Just how expensive has housing become? King County’s home prices have skyrocketed 15.7 percent compared to the previous year. Seattle’s median home value was nearly $700,000 in September, according to Zillow, while about half of Seattle residents have an annual salary of less than $50,000. And the county recently counted nearly 12,000 people experiencing homelessness.

Solutions? 

We’ve heard many: a property tax to subsidize housing; a tax exemption for new multifamily buildings that set aside rent-restricted homes; citywide upzoning, allowing taller buildings in exchange for affordable housing units or fines for developers who don’t meet those quotas. Just to name a few.

What the city hasn’t tried? Nothing. That’s right, nothing. And a University of Washington real estate academic believes that—nothing, nada, zilch—is the solution to the affordable housing shortage.

“It’s not a very popular position,” admits James Young, research director at the Runstad Center for real estate studies at the UW. “I understand the political need to go and do something policywise. But I also understand that that has economic consequences.”

The city’s constant and unpredictable housing policies are accomplishing the opposite of their intentions, Young says, creating risk and uncertainty for developers; and risk in business means driving up prices to make up for it. Even proposed regulations can trigger panic among buyers who want to purchase a home before they go into effect—again, driving up purchase prices and rents.

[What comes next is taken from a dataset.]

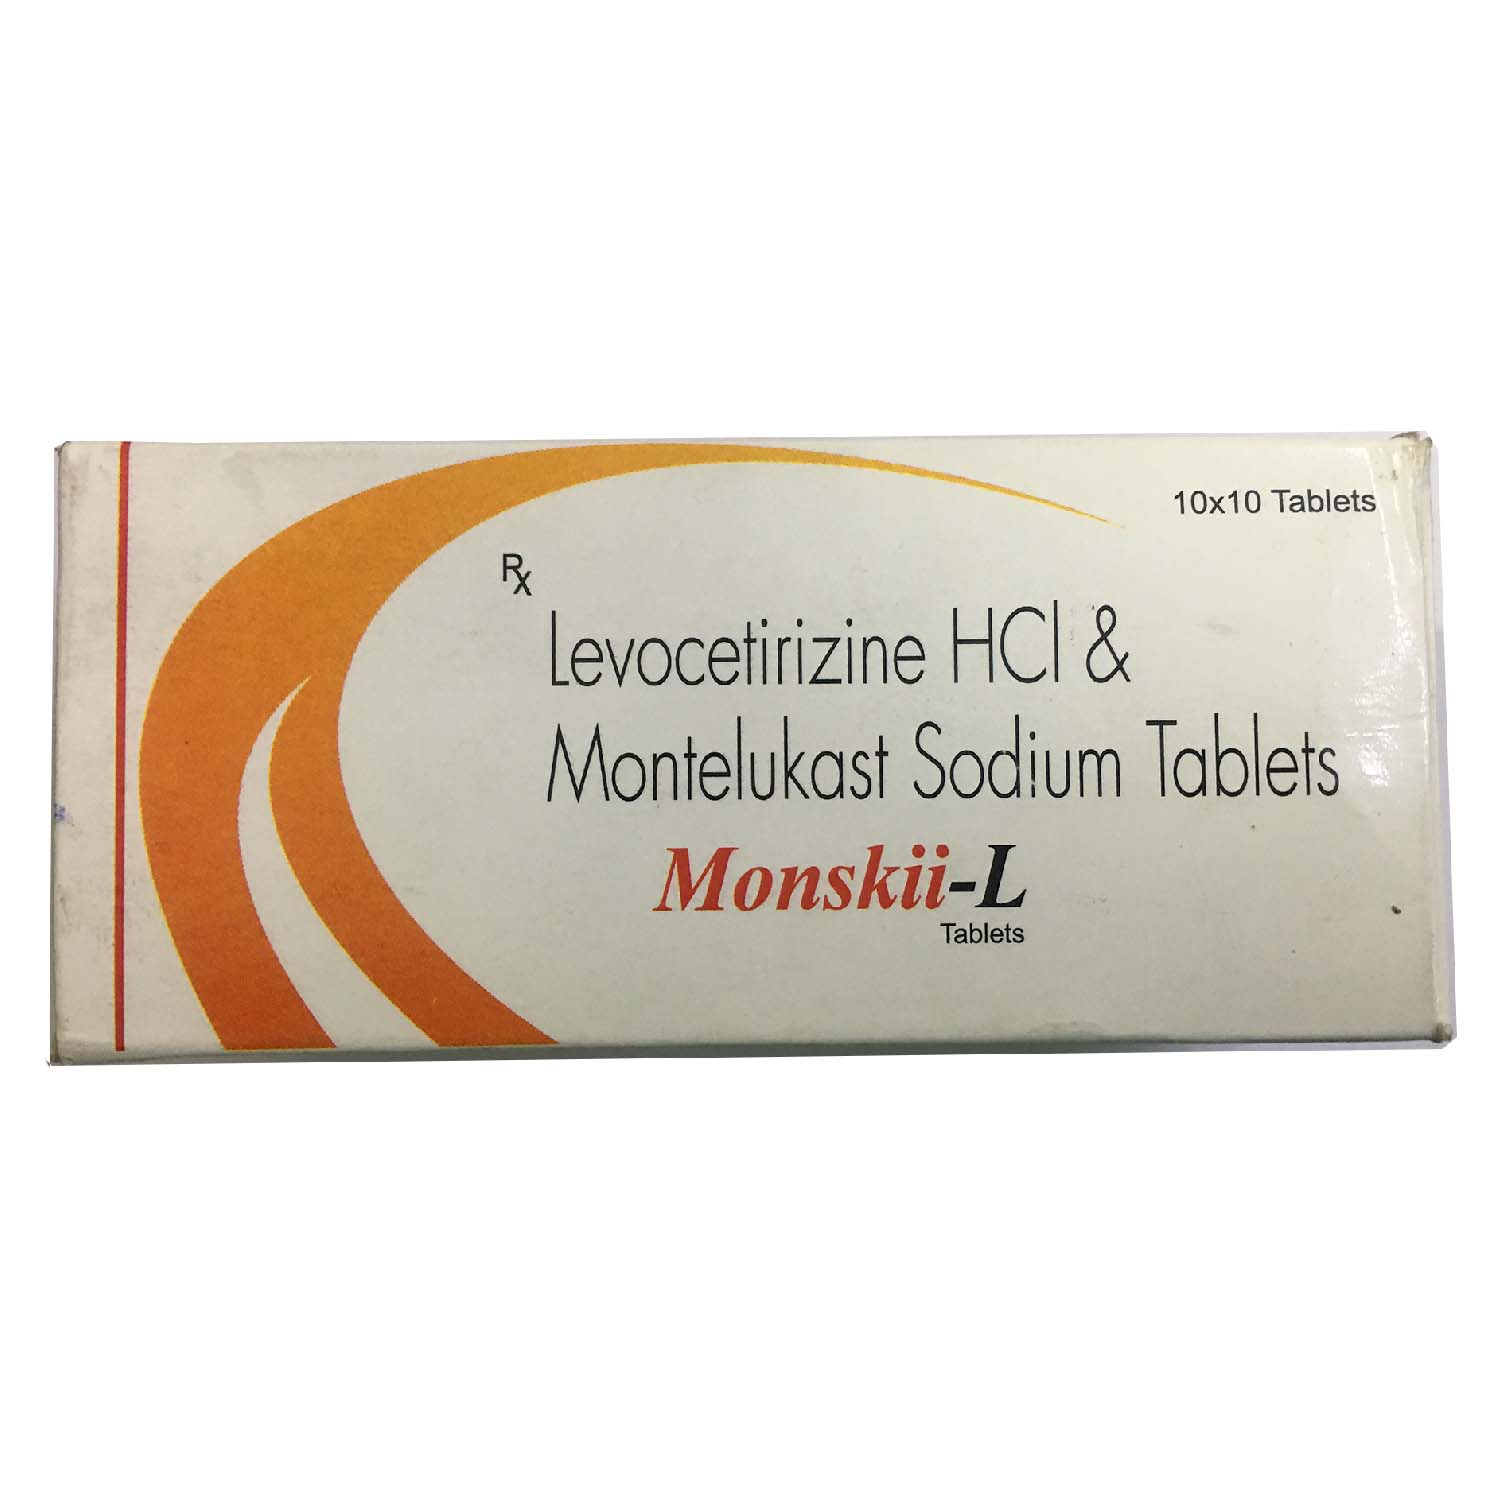 Monskii-L Tablets

What’s worse, developers may delay building to see how those new laws will translate into dollars. 

“That’s the last thing you want, to further delay development when you have high demand,” Young says. 

He’s not alone in his belief that the city’s rulemaking is only making things worse. 

Density gadfly Roger Valdez argues that the anticorporate, antideveloper sentiment common around Seattle is part of the problem. Another problem: calling, as many city leaders do, the housing shortage “a crisis.” 

 

Valdez, director of developer advocacy group Smart Growth Seattle, says the housing crisis narrative is a false one. He calls talk of a calamity “fearmongering” that’s only detrimental to the conversation. There’s a shortage, yes, and prices have gone up. But the city is not struggling with meeting the marketwide demand. And housing shortage strategies, he says, should include developers and landlords rather than exclude them.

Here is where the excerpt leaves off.